By analyzing existing cross correlation between Rxsight and Inogen Inc, you can compare the effects of market volatilities on Rxsight and Inogen and check how they will diversify away market risk if combined in the same portfolio for a given time horizon. You can also utilize pair trading strategies of matching a long position in Rxsight with a short position of Inogen. Check out your portfolio center. Please also check ongoing floating volatility patterns of Rxsight and Inogen.

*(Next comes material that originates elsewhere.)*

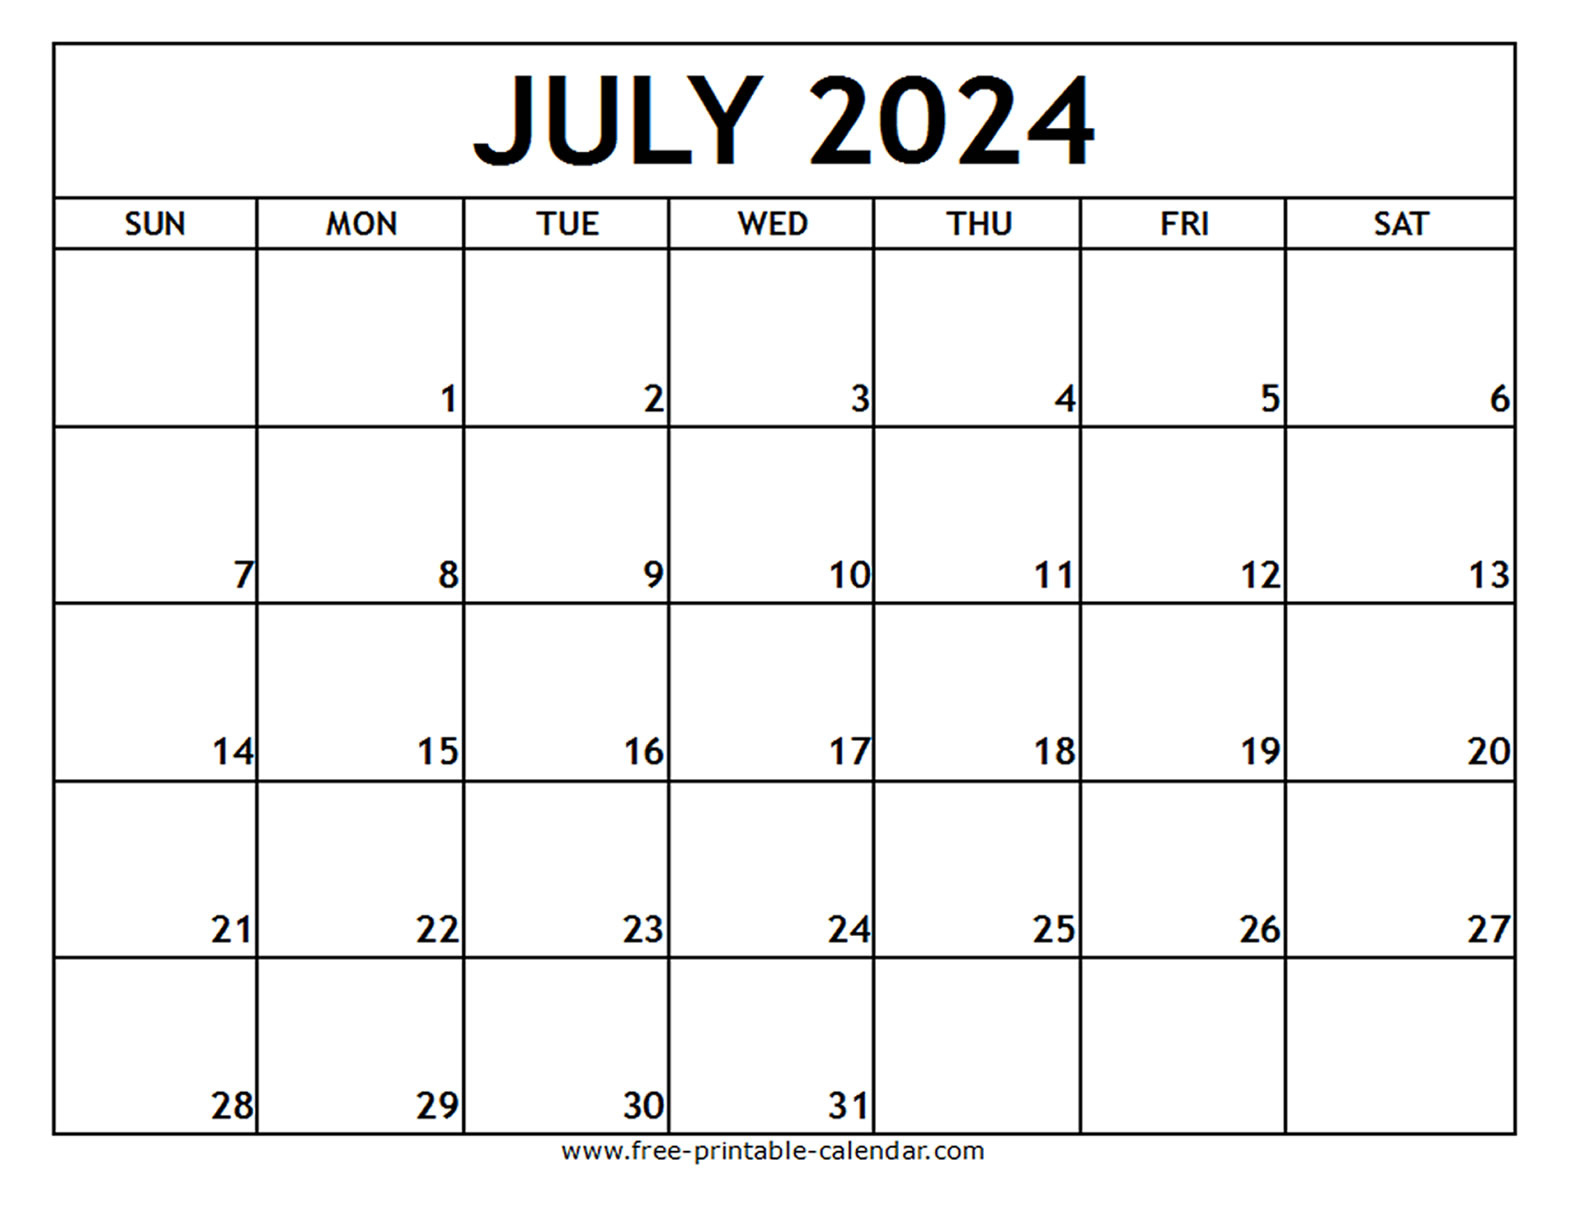 July 2024 Printable Calendar - Free-Printable-Calendar intended for Free July 2024 Calendar Template

Diversification Opportunities for Rxsight and Inogen

0.68
  Correlation Coefficient

Poor diversification

The 3 months correlation between Rxsight and Inogen is 0.68. Overlapping area represents the amount of risk that can be diversified away by holding Rxsight and Inogen Inc in the same portfolio, assuming nothing else is changed. The correlation between historical prices or returns on Inogen Inc and Rxsight is a relative statistical measure of the degree to which these equity instruments tend to move together. The correlation coefficient measures the extent to which returns on Rxsight are associated (or correlated) with Inogen. Values of the correlation coefficient range from -1 to +1, where. The correlation of zero (0) is possible when the price movement of Inogen Inc has no effect on the direction of Rxsight i.e., Rxsight and Inogen go up and down completely randomly.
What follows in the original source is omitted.